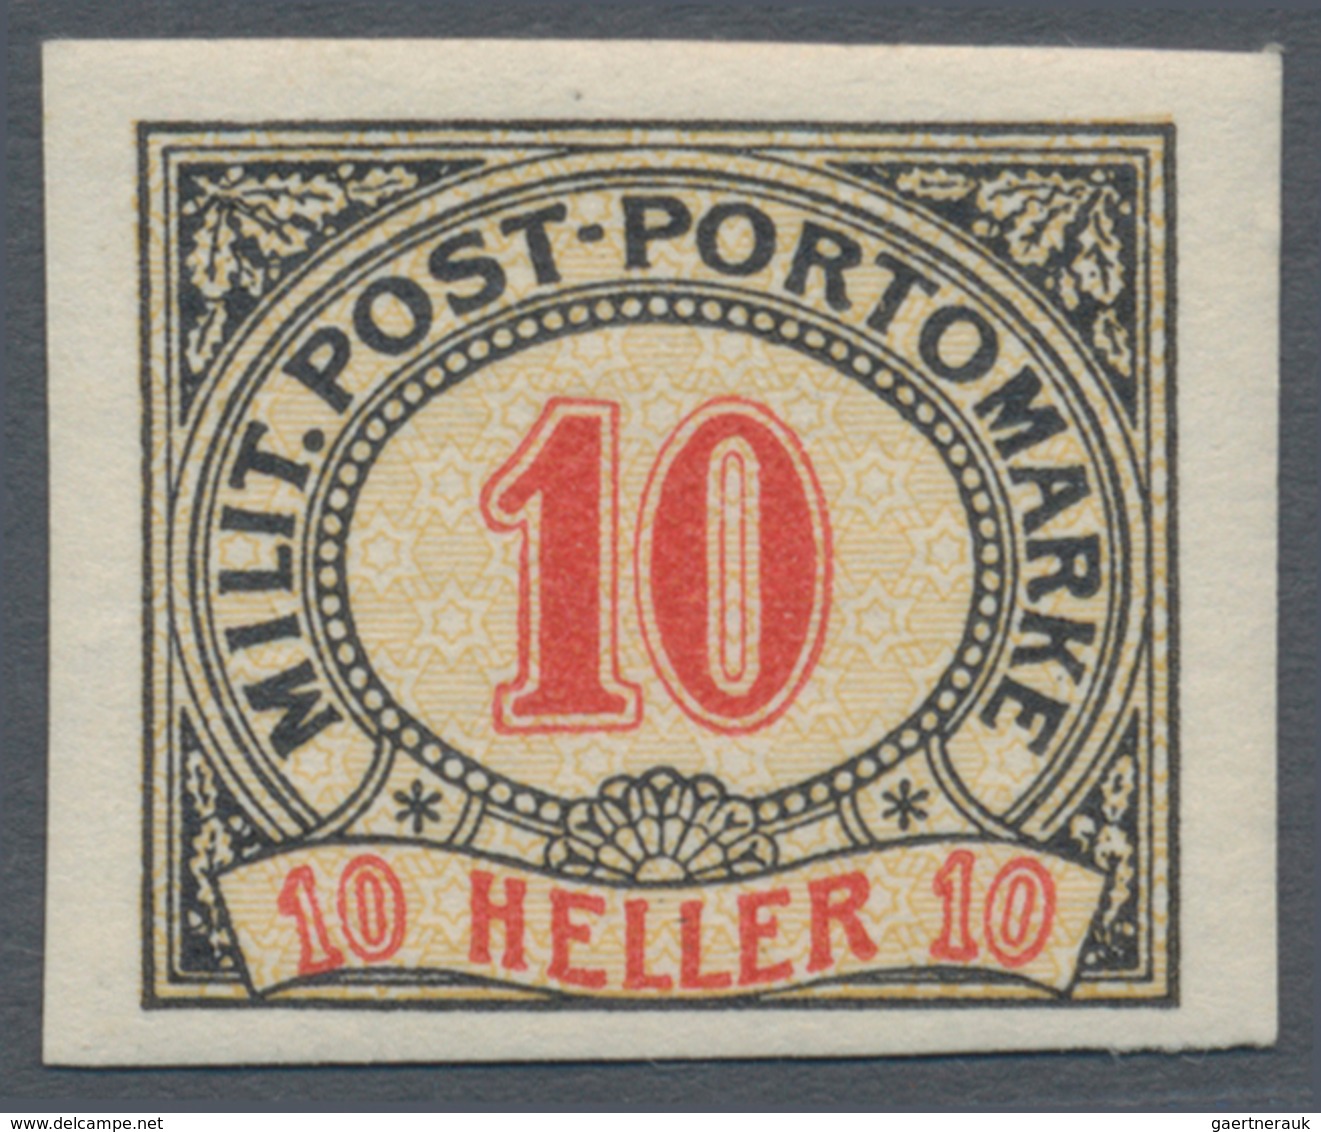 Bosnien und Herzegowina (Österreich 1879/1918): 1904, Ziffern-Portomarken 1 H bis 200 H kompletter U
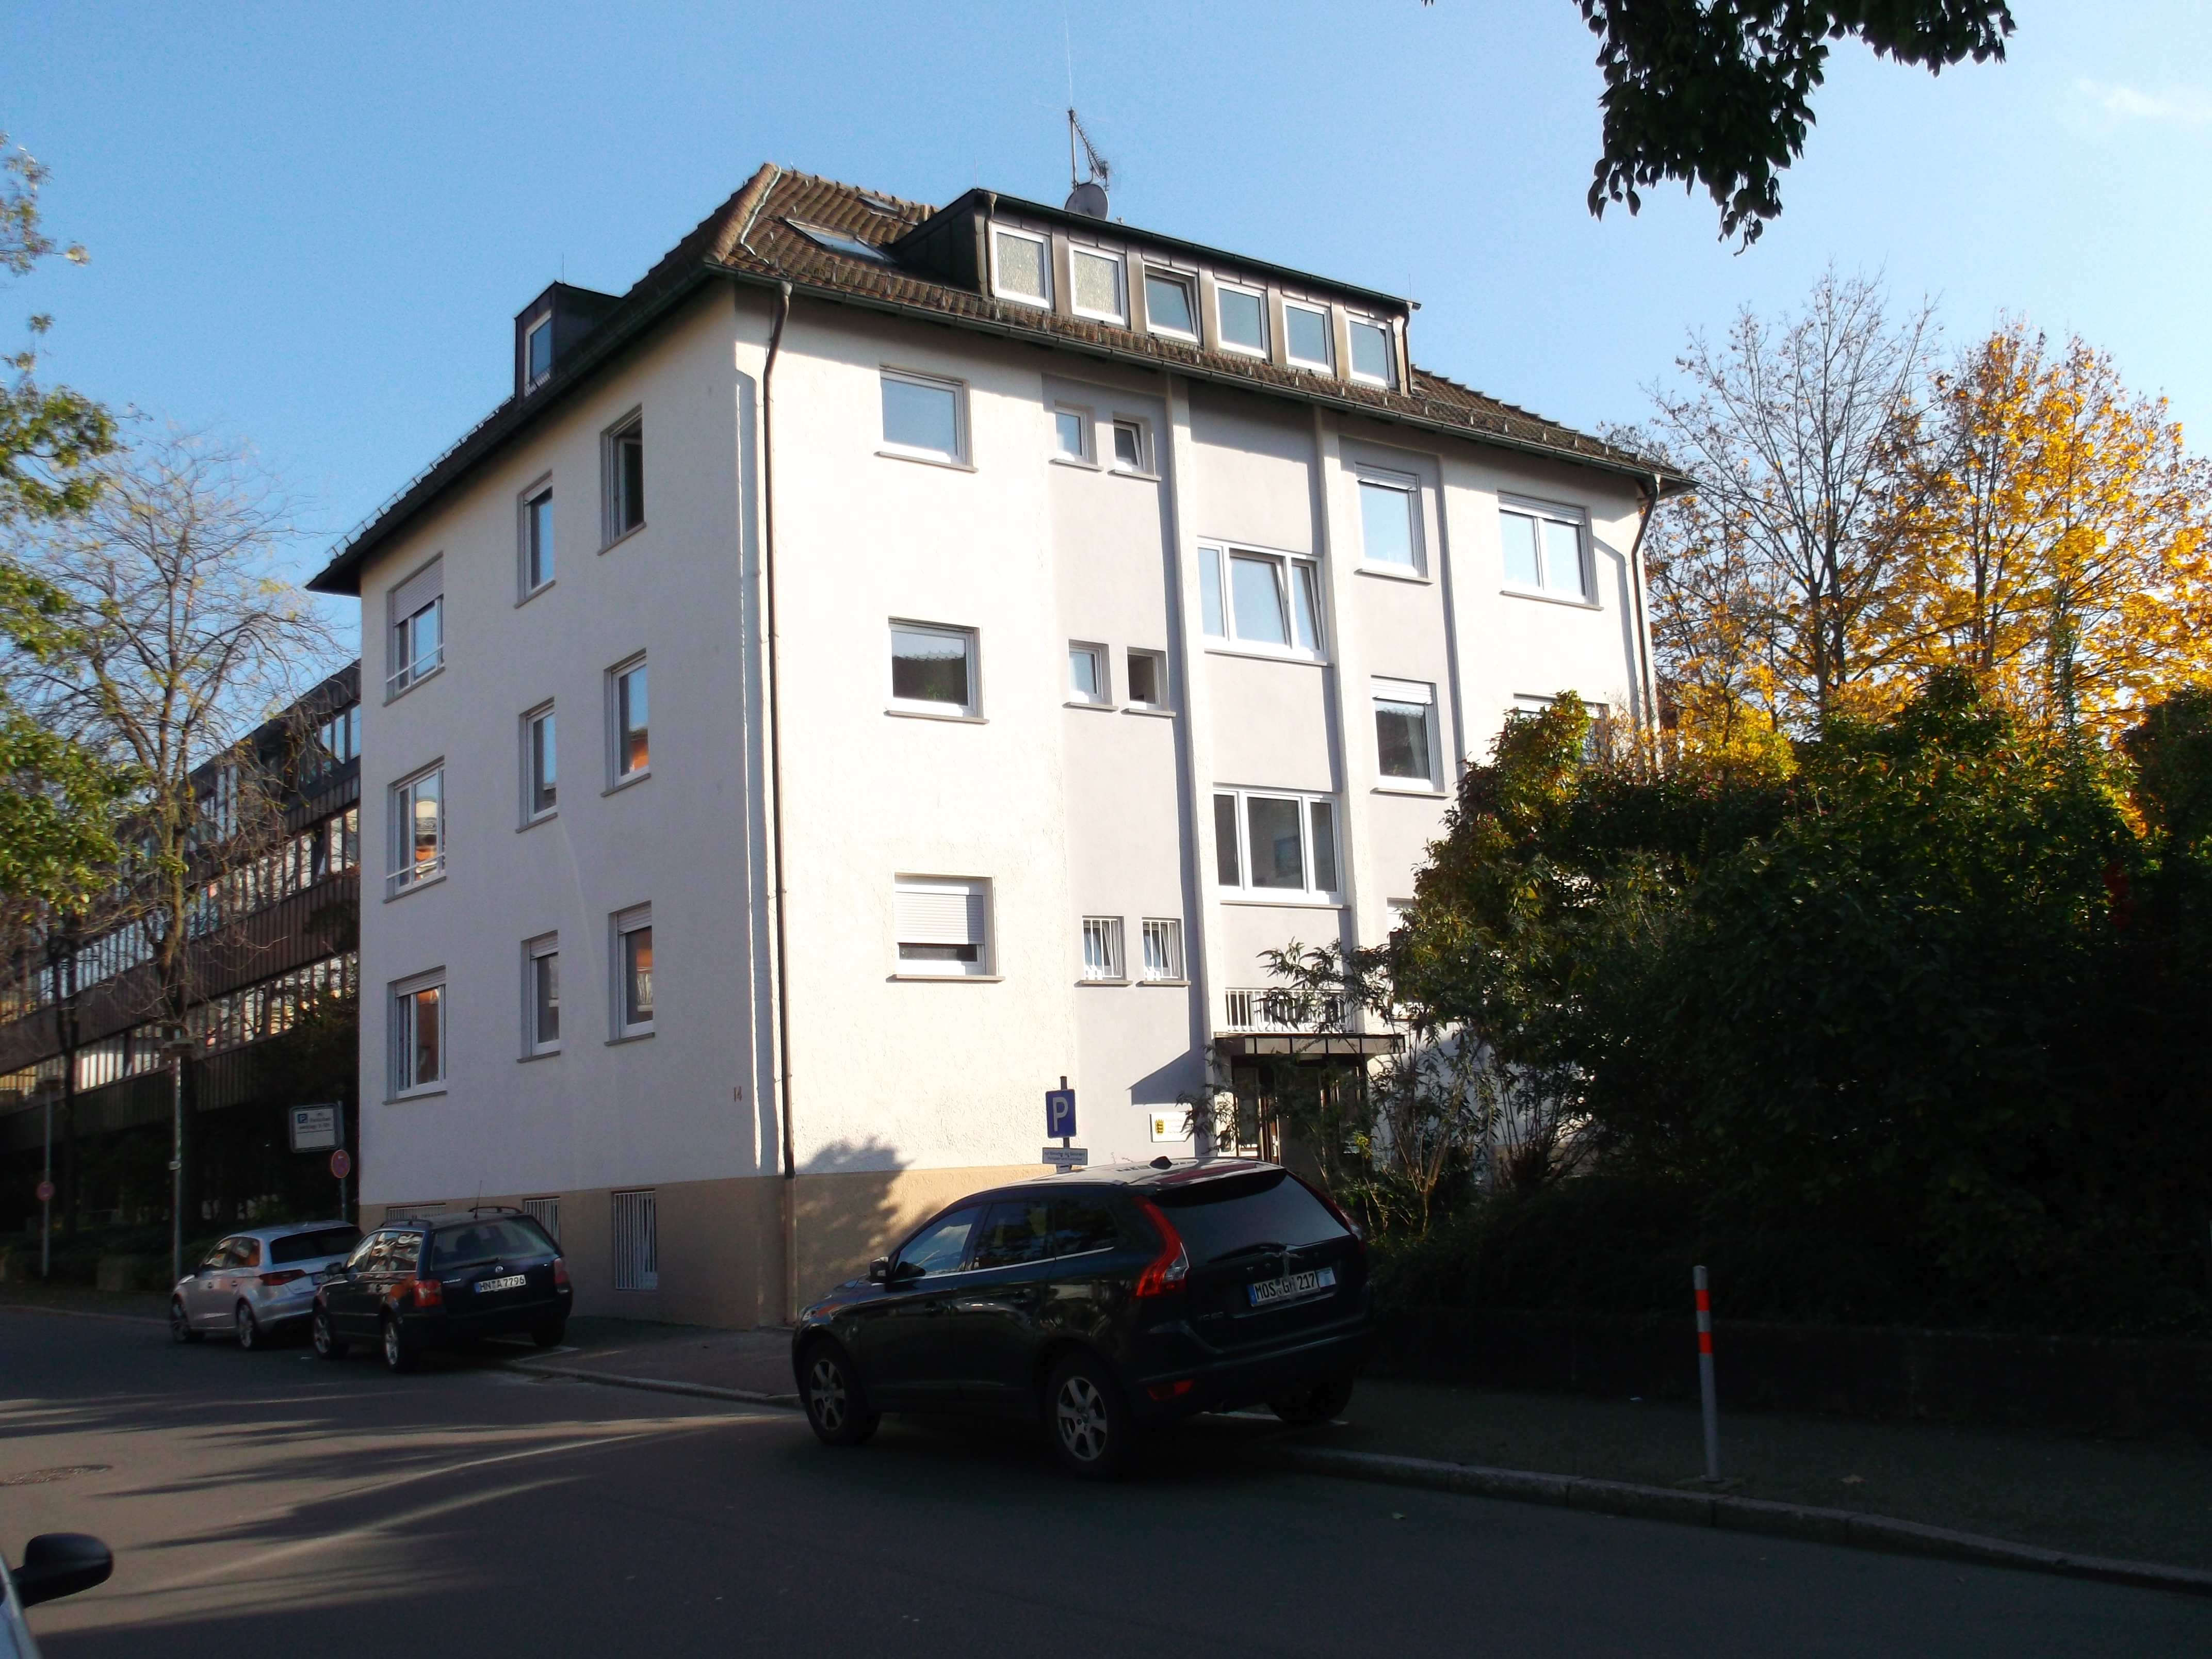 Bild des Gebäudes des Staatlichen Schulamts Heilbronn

---

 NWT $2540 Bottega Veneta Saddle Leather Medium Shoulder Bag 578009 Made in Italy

- Task details:
Of all the material above, only the lines from the one that has "Bosnien und Herzegowina" down to the one that has "Bild des Gebäudes" are to be written out, exactly and with both ends included. Pictures are skipped.

- Response area:
 Bosnien und Herzegowina (Österreich 1879/1918): 1904, Ziffern-Portomarken 1 H bis 200 H kompletter U
 Bild des Gebäudes des Staatlichen Schulamts Heilbronn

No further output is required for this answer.